这一个Project中我们需要实现数据库中多种操作的执行器，包括：

访问方式：顺序扫描
数据修改：查询，删除，更新
复杂操作：循环嵌套Join，Hash Join，聚合，Limit和Distinct

同时Bustub并不支持真正的SQL语句，所以执行的都是手动编写的查询计划。同时Bustub中采用的是迭代模型，在这种模型中，每一个查询计划的执行器都需要实现一个Next()函数，当调用执行器的这个函数的时候，执行器会返回一个元组或者一个提示已经没有更多元组了的标志，通过这个方法，每个执行器实现一个循环结构来持续调用子结点的Next()函数，从子结点中一个接一个检索元组并进行操作。

在Bustub中，每个Next()函数会返回一个元组和代表了这个元组的RID(RID实际上就是元组的唯一标识)，下面我们就要按顺序来实现一堆不同操作的执行器，包括：

seq_scan_executor
insert_executor
update_executor
delete_executor
nested_loop_join_executor
hash_join_executor
aggregation_executor
limit_executor
distinct_executor

每个执行器需要实现Init(), Next()这两个函数，其中Init()负责将该操作的执行器进行初始化，比如设置对应的要扫描的表，而Next()则用来完成单个元组的检索。

Bustub中的系统架构设计

在开始写这部分的代码之前，我们需要先熟悉一下这部分相关的代码结构，并学习一下bustub的系统设计模式。

Catalog数据结构设计

Bustub中的catalog定义了一系列用来维护数据元信息的数据结构，包括Catalog, TableInfo, IndexInfo等等，TableInfo和IndexInfo分别代表了一个表/索引的元信息，而Catalog定义了整个数据库系统的元信息，包括了若干表和索引组成的数组。而一个表和索引中最关键的信息就是一个被称为Schema的类，这个类中定义了表/索引每一列的性质，包括数据类型，长度限制等等，一个列所具有的特征用Column这个类来表示，Schema中就集成了一系列的Column并提供对外访问的API。
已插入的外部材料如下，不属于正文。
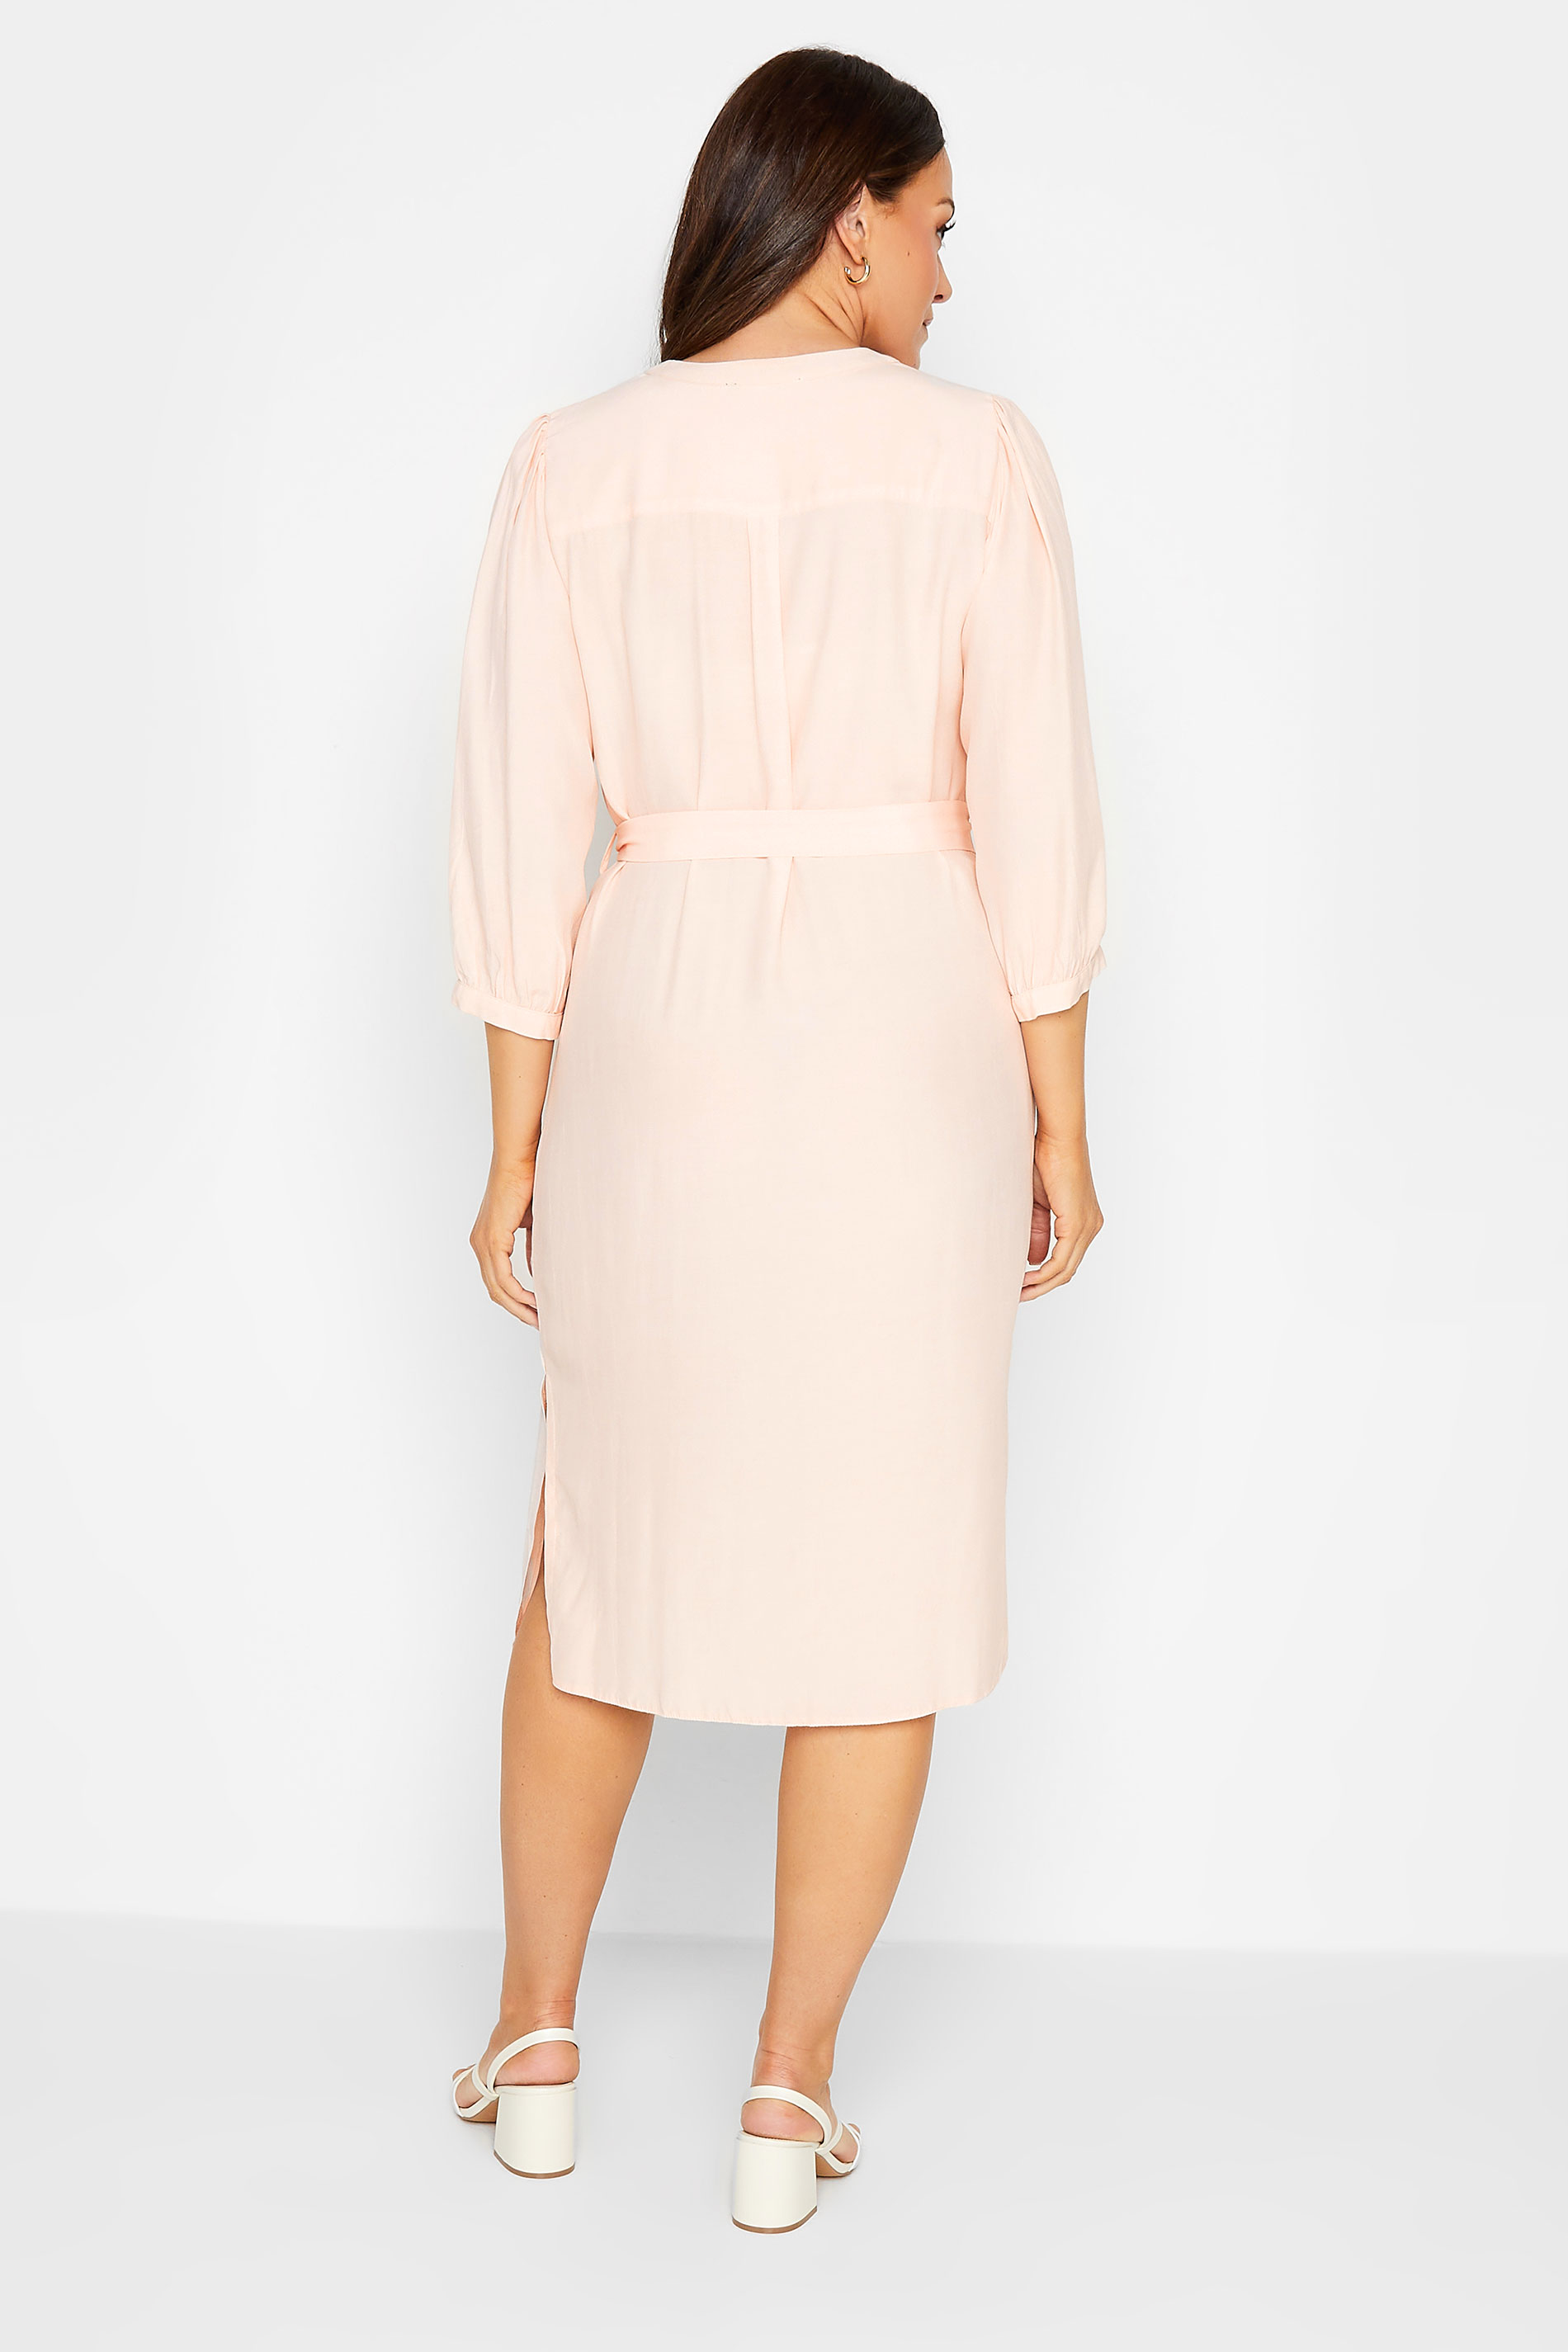 M&Co Light Pink Tie Waist Tunic Dress | M&Co 3

综上所属，Bustub的Catalog部分的关键类之间的组合关系是Column --> Schema --> TableInfo/ IndexInfo --> Catalog

Execution数据结构设计

查询上下文的设计

查询上下文是一个用来保存查询处理的时候的上下文环境的泪，它的定义中包含了如下内容：

class ExecutorContext {
 private:
  /** The transaction context associated with this executor context */
  Transaction *transaction_;
  /** The datbase catalog associated with this executor context */
  Catalog *catalog_;
  /** The buffer pool manager associated with this executor context */
  BufferPoolManager *bpm_;
  /** The transaction manager associated with this executor context */
  TransactionManager *txn_mgr_;
  /** The lock manager associated with this executor context */
  LockManager *lock_mgr_;
};

我们可以看到它包含了前面提到的Catalog类，还包括了管理Buffer的BufferManager和管理事务的TransactionManager，这些信息共同构成了查询计划执行过程中的上下文。

查询执行器的设计

Bustub中抽象出了一个查询执行器类，定义为：AbstractExecutor，这个类中定义了一个执行器的基本结构，其定义的代码如下：

class AbstractExecutor {
 public:
  /**
   * Construct a new AbstractExecutor instance.
   * @param exec_ctx the executor context that the executor runs with
   */
  explicit AbstractExecutor(ExecutorContext *exec_ctx) : exec_ctx_{exec_ctx} {}

  /** Virtual destructor. */
  virtual ~AbstractExecutor() = default;

  /**
   * Initialize the executor.
   * @warning This function must be called before Next() is called!
   */
  virtual void Init() = 0;

  /**
   * Yield the next tuple from this executor.
   * @param[out] tuple The next tuple produced by this executor
   * @param[out] rid The next tuple RID produced by this executor
   * @return `true` if a tuple was produced, `false` if there are no more tuples
   */
  virtual bool Next(Tuple *tuple, RID *rid) = 0;

  /** @return The schema of the tuples that this executor produces */
  virtual const Schema *GetOutputSchema() = 0;

 protected:
  /** The executor context in which the executor runs */
  ExecutorContext *exec_ctx_;
};

每个执行器对象会拥有自己的输出格式(OutputSchema)和执行上下文，这个类被不同SQL操作对应的执行器继承，形成一系列执行器。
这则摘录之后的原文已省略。